Иногда она сама писала статьи, к этому процессу она относилась как к священнодействию; почти не выносила никаких замечаний и пожеланий, была страшно ревнива. Помню, как она писала статью об очередном романе Анатолия Ананьева «Вёрсты любви». Её несколько дней не было на работе. Потом она принесла рукопись, состоящую из клочков бумаги, пришпиленных многочисленными скрепками, в которой могла разобраться только она сама. А затем несколько часов терроризировала машинистку. Кажется, она даже читала свою рукопись Ананьеву: лицо её при этом горело от волнения; она была словно в трансе… Кажется, нечто похожее было со статьёй о Петре Проскурине, ещё о ком-то. Впрочем, я не хочу бросать тень на Д.Дычко: положение критика да ещё работника подведомственного издания с писательским начальством было более чем незавидным, жалким, и мы все в той или иной мере находились в таком положении. Д.С. в этом смысле можно было только посочувствовать. Я и сочувствую. Однако хорошо то, что хорошо кончается. В конце же концов её интронизация в должности заведующей состоялась; но, кажется, она уже и не была особенно рада этому -– скорее всего, перегорела…



***



Кажется, едва ли не в первый же месяц моей работы в качестве редактора случилось то, что должно было случиться, – хотя, возможно, и не в такой демонстративной форме. Мы тогда готовили полосу коротких, двухстраничных рецензий. Мне дали на редактуру рецензию известного в ту пору сатирика-юмориста Виктора Ардова. «От главного пришла, не задерживайте», – было сказано мне. Надо было слегка поправить, проверить цитаты… Я же прочитал – и взялся за голову. Мне показалось, что она написана столь небрежно, что я решил её решительно улучшить, «причесать». И я стал кроить. Не имея опыта редактуры, я по сути переписал рецензию, убрав слишком разговорную интонацию, повторы, алогизмы, сделав переходы и прочее. Над двумя страницами я трудился почти весь рабочий день. Дважды я перепечатывал рецензию, пока не вылизал до степени совершенства и отдал её в секретариат. У меня были лёгкие сомнения, всё ли я так сделал, достаточно ли потрудился над своим заданием. Но я подавил свои сомнения, ни с кем не посоветовался – ведь всего две страницы. Ну, в общем, сдал и сдал…

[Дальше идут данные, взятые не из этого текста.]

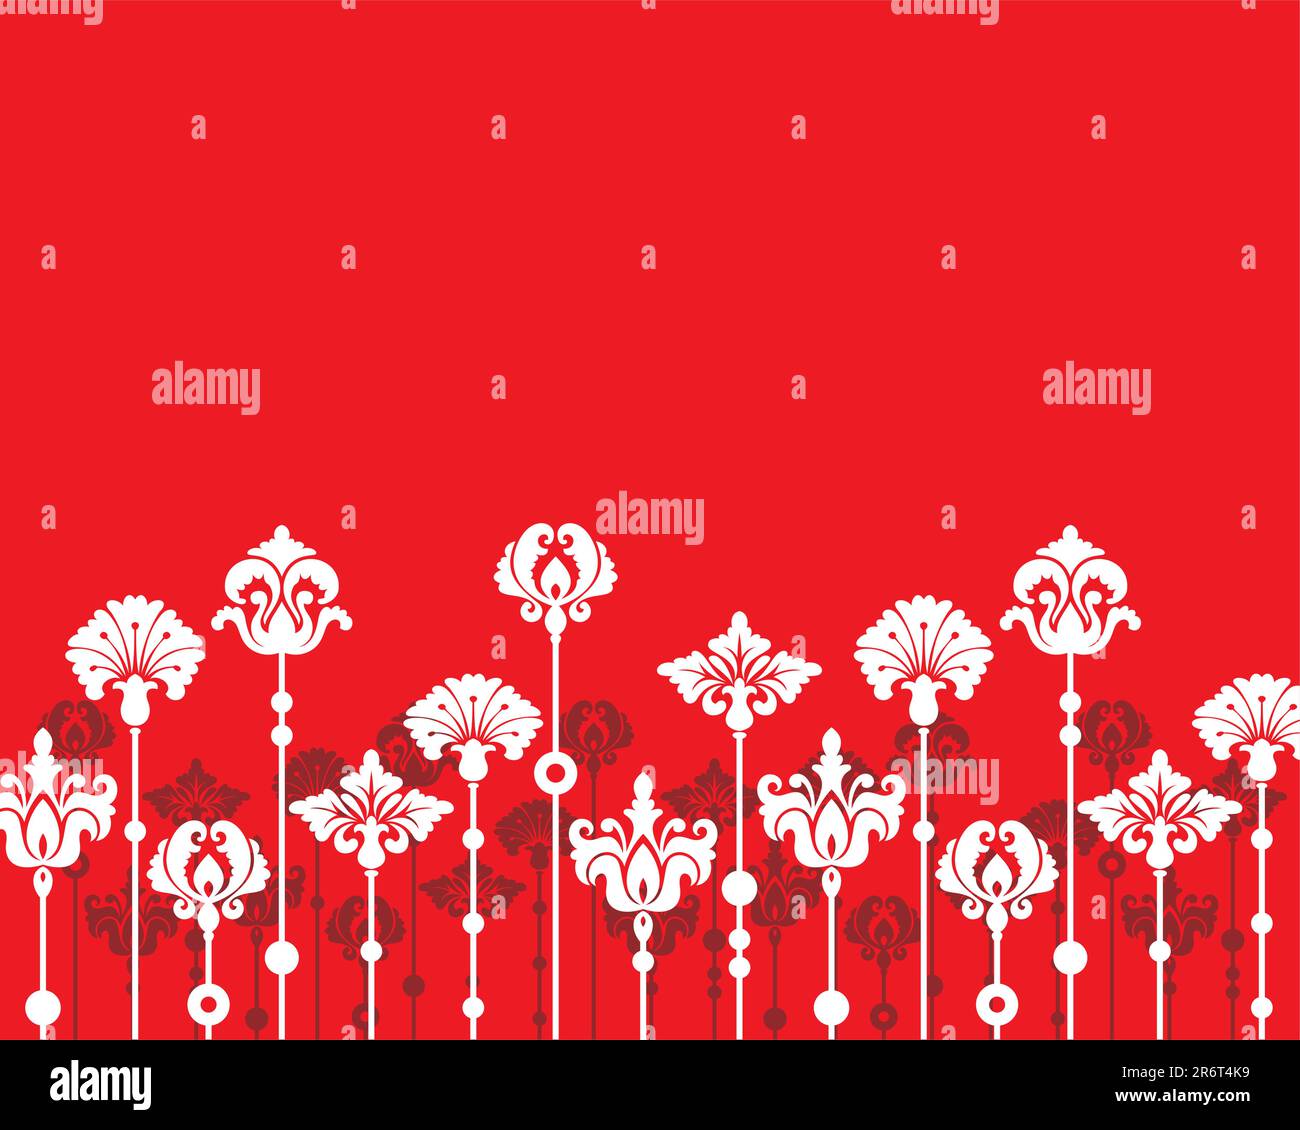 vector ornament In flower style Stock Vector

Как я уже знал, бывало, что статьи и рецензии подолгу лежат, «вылёживаются», пока их поставят в номер, а тут (может, потому что рецензия была от главного) она пошла сразу в следующий номер. И вот в один не самый прекрасный понедельник, когда номер уже был набран и главный редактор прочитал его, меня утром приглашают зайти в кабинет к Константину Ивановичу… Захожу, главный сидит в кресле, а перед ним на столе лежит разворот с рецензиями. Одна из них – я сразу почувствовал, уловил краем глаза, была рецензия В.Ардова. «Вы готовили эту рецензию? – уже сам вопрос заставил нехорошо забиться моё сердце. «Я», – упавшим голосом ответил я. «Я снимаю её из номера, – сказал негромко К.Поздняев. – Это не рецензия Виктора Ардова… Я читал её в оригинале… Возможно, то, что сделали вы, лучше, хотя я не уверен в этом… – он сделал паузу. – Но это совсем другая , это ваша рецензия… Одним словом восстановите прежний текст… Пусть Ардов сам отвечает за то, что и как он написал… И не обижайтесь на меня».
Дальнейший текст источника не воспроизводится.